TASK ITEM:
Copy the final lines exactly, starting at the one that contains "Billy Eckstine &" and ending with the last line of the listing below. Pictures are not part of the copy.

PROVIDED DATA:
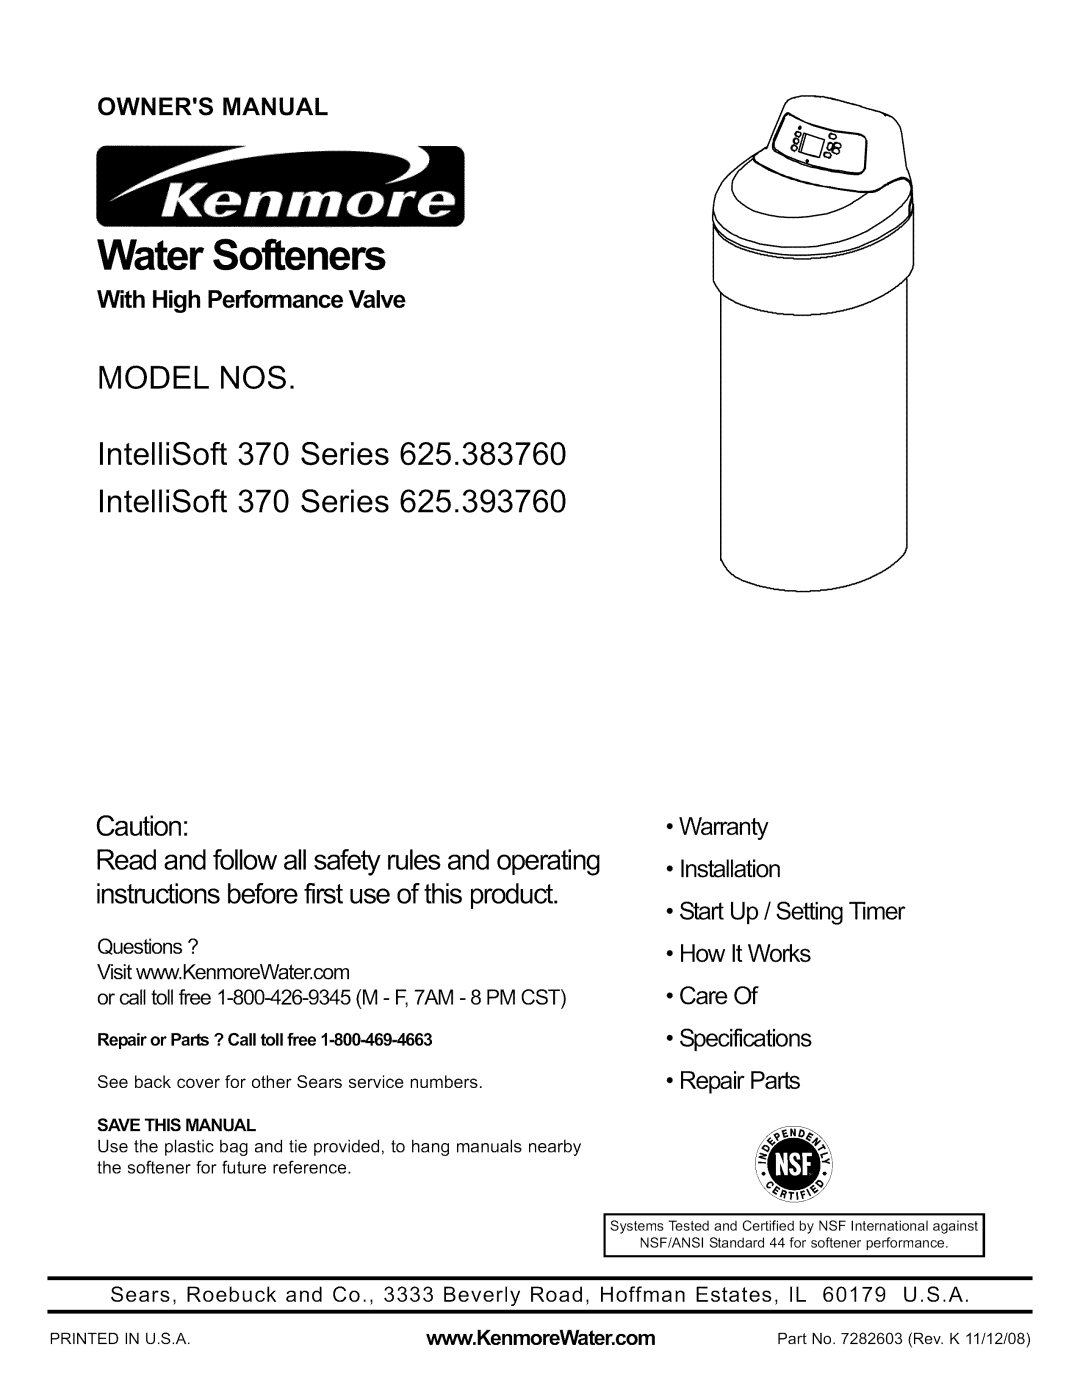 Kenmore 625.38376 owner manual MODEL NOS IntelliSoft 370 Series IntelliSoft 370 Series, Owners Manual, Water Softeners 
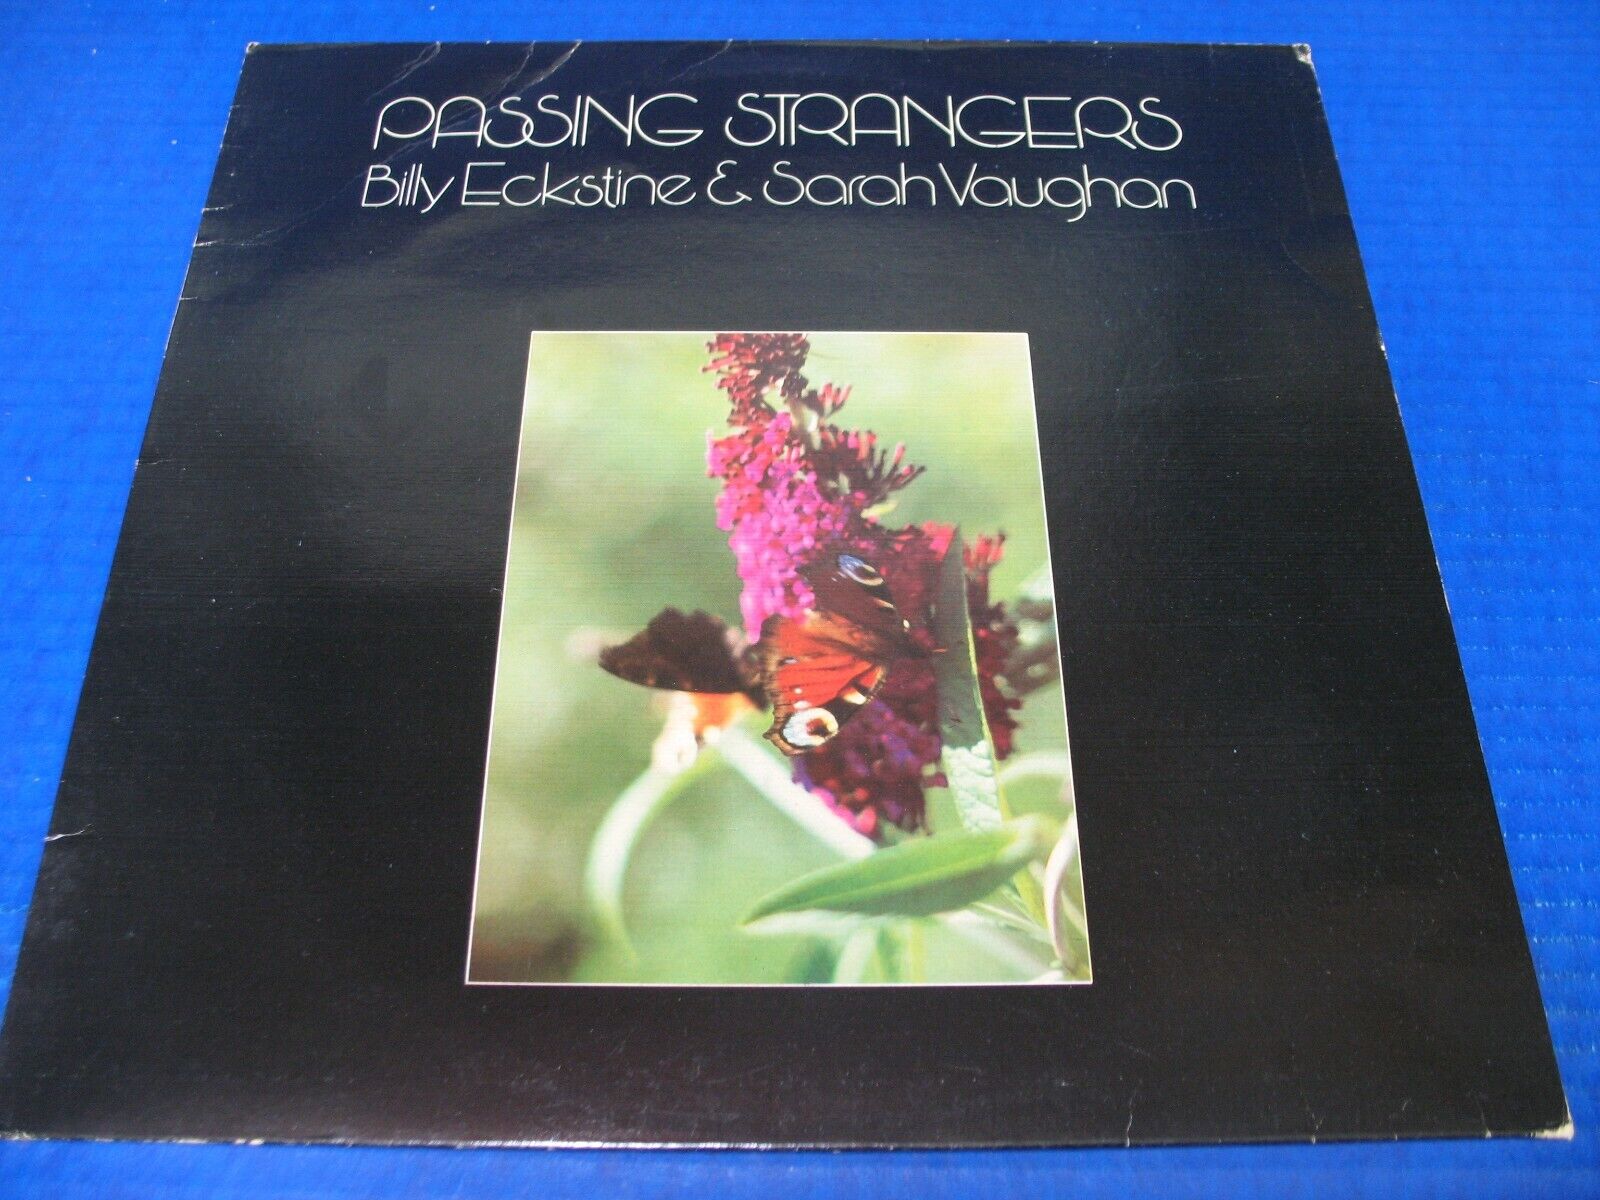 Billy Eckstine & Sarah Vaughan ‎- Passing Strangers - Vocal Jazz LP UK Import
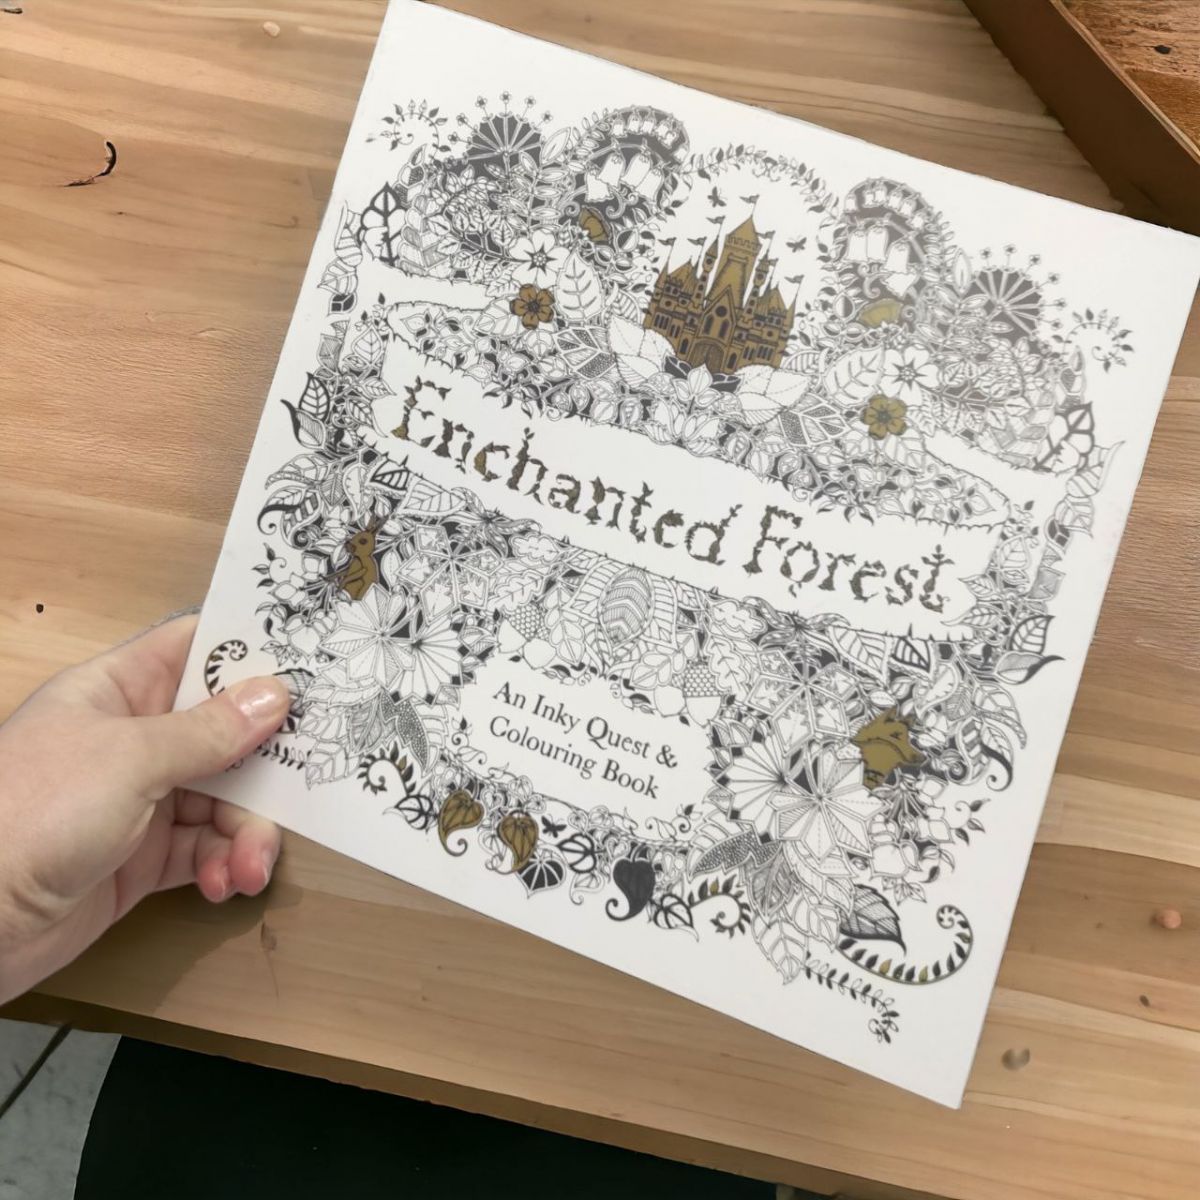 Розмальовка-антистрес "Enchanted Forest"

WRITTEN REPLY:
 Billy Eckstine & Sarah Vaughan ‎- Passing Strangers - Vocal Jazz LP UK Import
 Розмальовка-антистрес "Enchanted Forest"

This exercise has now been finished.